Stefanik, Hochul’s response

Hochul said the court’s ruling “reaffirms the constitutionality” of the early vote by mail law.

“The right to vote is sacred — a right that generations of Americans have fought to defend,” she said in a statement. “Despite the best efforts of its opponents, democracy has once again prevailed in New York.”

Stefanik said the court made the wrong decision.

“New York’s State Constitution is incredibly clear and requires a constitutional amendment to expand absentee voting,” she said in a statement. “Even the Far Left radical Albany Legislature understands this.”

She pointed out that in 2021, a proposed constitutional amendment which would have deleted all requirements for absentee voting was passed by the state Legislature and went to a public referendum on the ballot of the November 2021 general election. Voters rejected this proposal 55% to 45%.

Stefanik called this a “landslide” rejection.

One of those “no” votes was cast by Stefanik herself. Republican leaders strongly opposed mail-in voting expansions, even with a constitutional amendment.

The lawsuit said voters who voted against the proposed 2021 amendment have “had their votes effectively nullified” by the law passed in Sepember. Republicans have called the passing of the renamed law through the Legislature alone, without a voter-approved amendment, “semantics.”

“Albany Democrats continue to shamelessly believe they are above the law and that just because they changed the name from absentee ballot to mail-in ballot, they don’t need to follow the Constitution,” Stefanik said.

The amendment shot down in 2021 was proposed in 2019, even before the coronavirus pandemic prompted the state to expand mail-in voting.
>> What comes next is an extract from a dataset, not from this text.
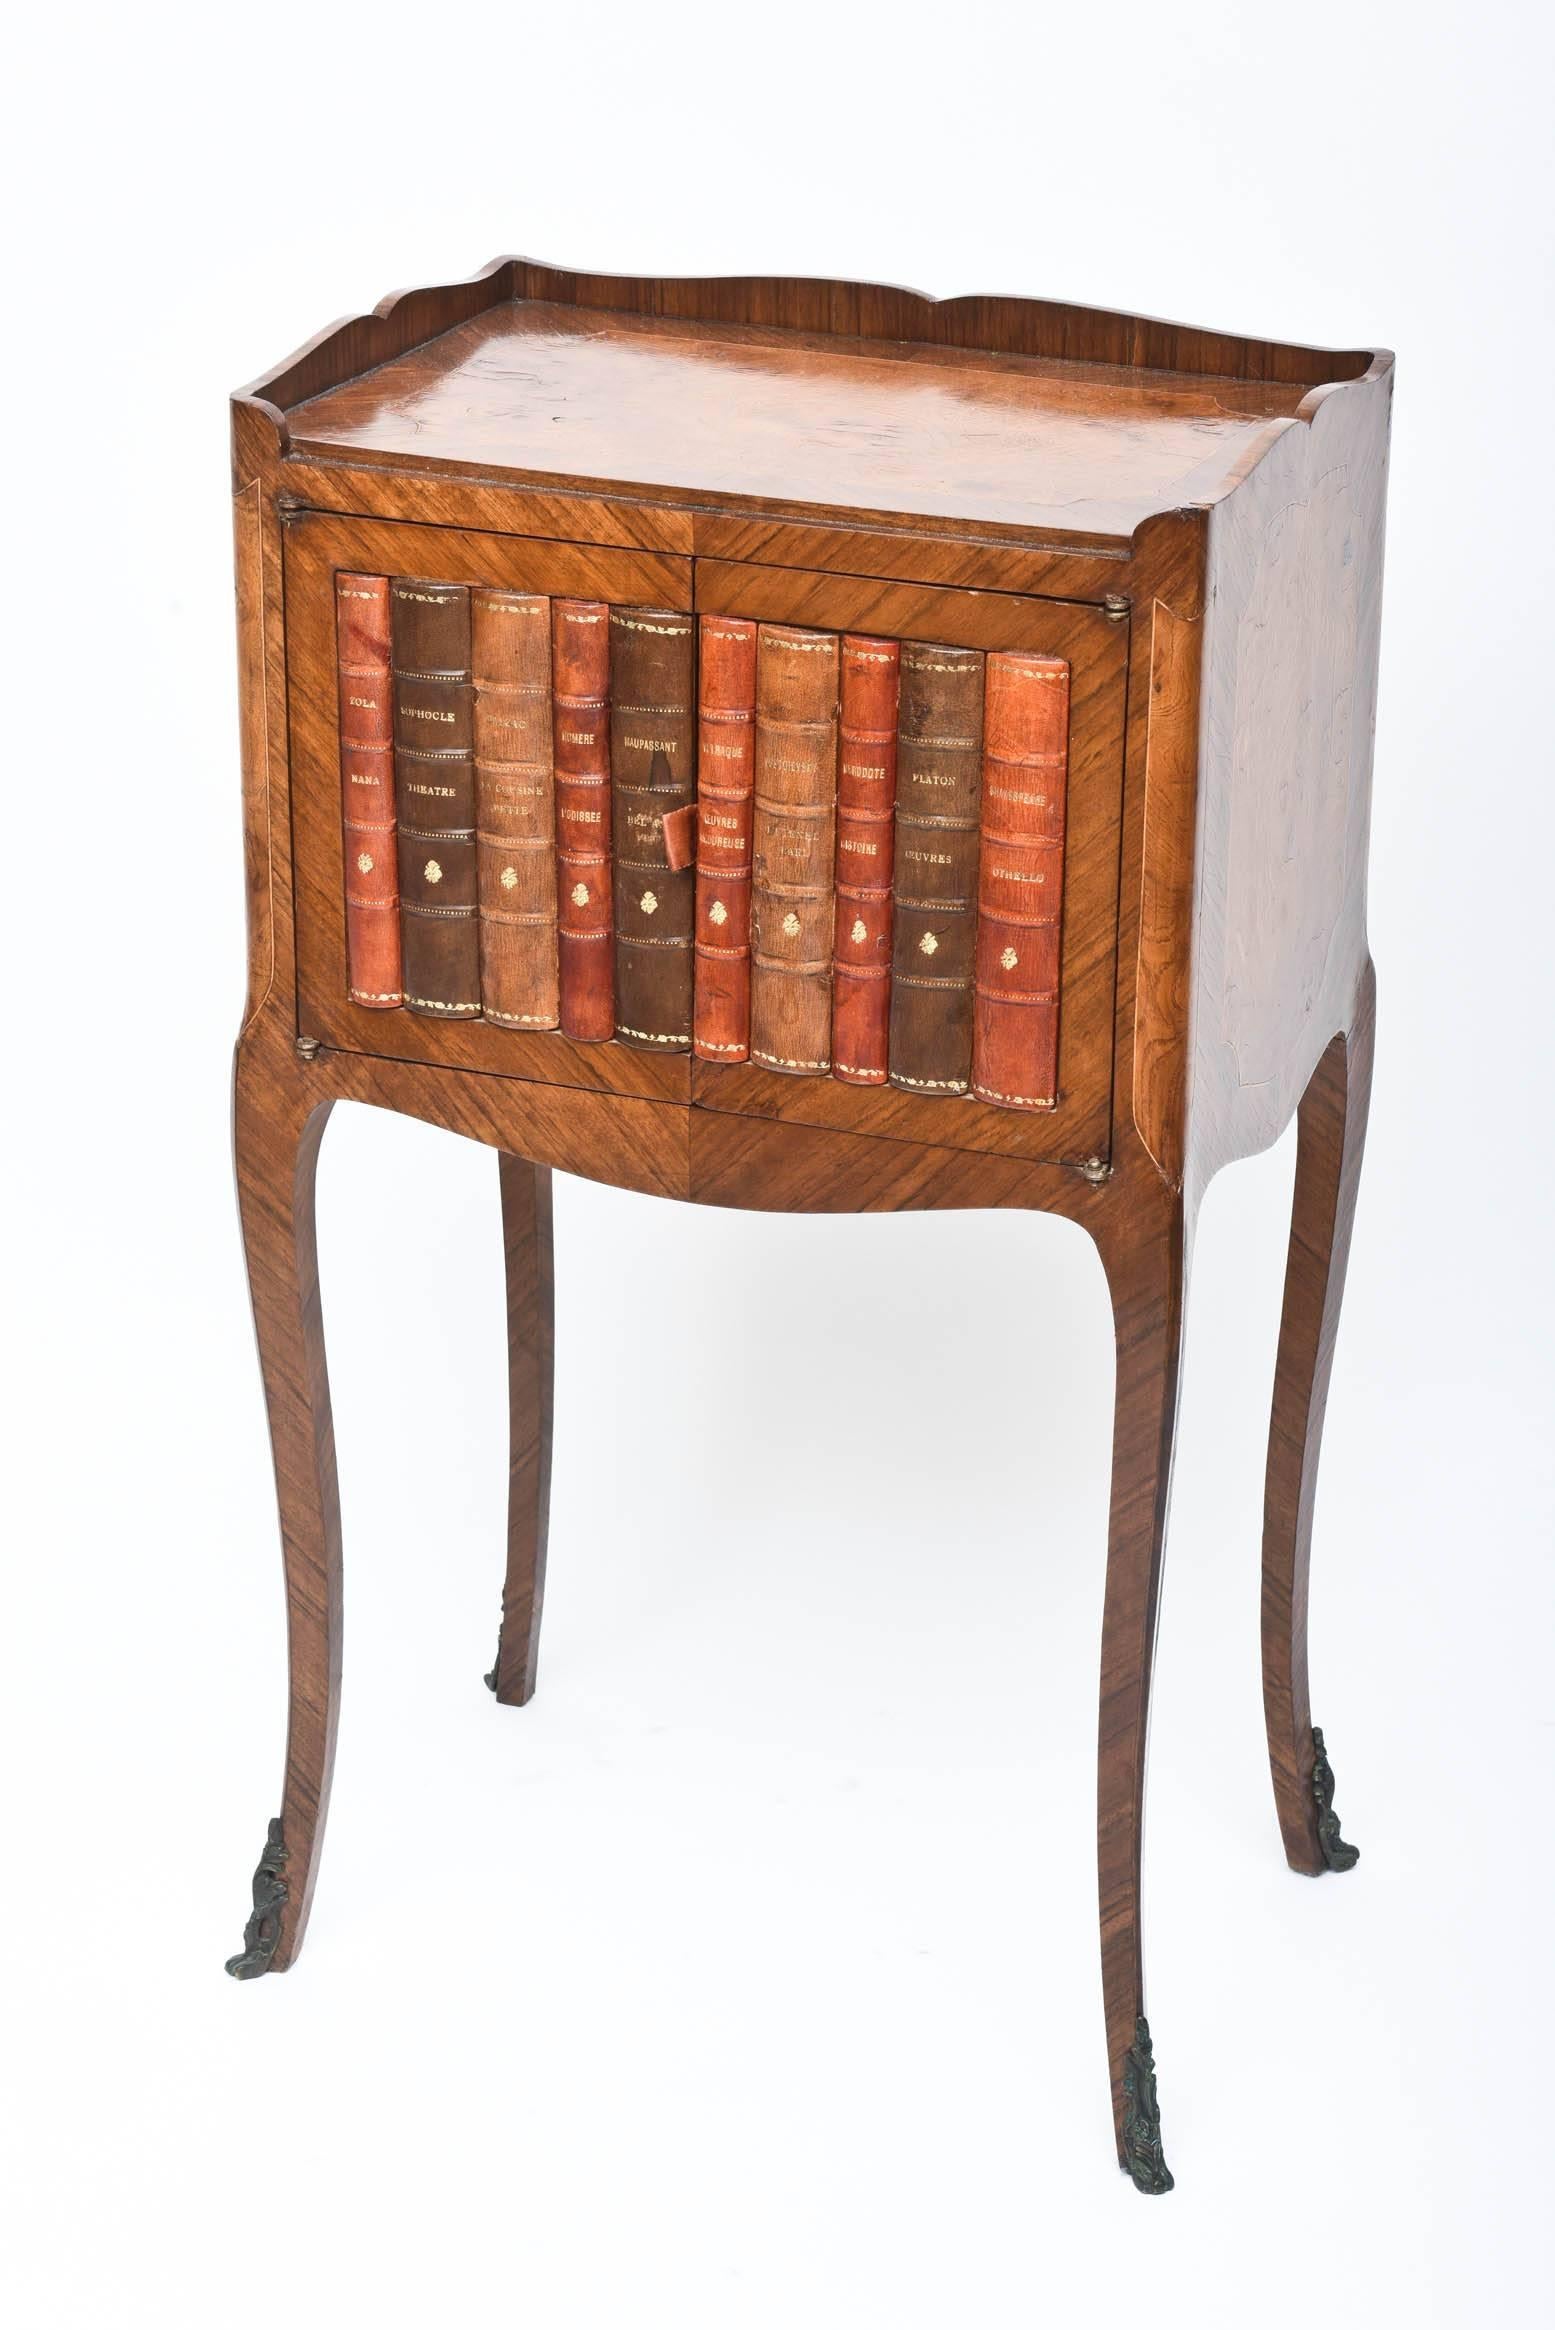 A petite table for your home office, hallway, living room featuring tooled leather book front that opens to reveal a storage area. Great stylized turned legs and wood inlaids. Very nice vintage condition.

During the pandemic, the state added a third qualification for people concerned about contracting the virus at the polls.

Background

Up until now, there have been only two reasons for a voter to be eligible for an absentee ballot in New York — they would need to be outside their county on the day of the election, or be unable to appear at a polling place because of illness or physical disability.

The law passed in September keeps those requirements, but also adds to them, essentially opening up absentee ballots to all voters so they don’t need to meet either of those two qualifications. This is also referred to as “no-excuse absentee voting.” It requires boards of elections to mail a ballot to every voter who requests one.

Hochul said this is a way to make voting more accessible for people with busy lives. On Monday, she said it will “improve citizen participation and expand access to the ballot box for all eligible voters.”

This law applies to all elections — national, state, local and school — by amending the state election code in dozens of places where it says “absentee” to say “early mail.”

When a voter requests a mail-in ballot, they are sent an application by the board with a pre-paid postage envelope to mail it back in. Then, they are sent a ballot with another pre-paid postage envelope. Ballots must be delivered in person or by mail by election day.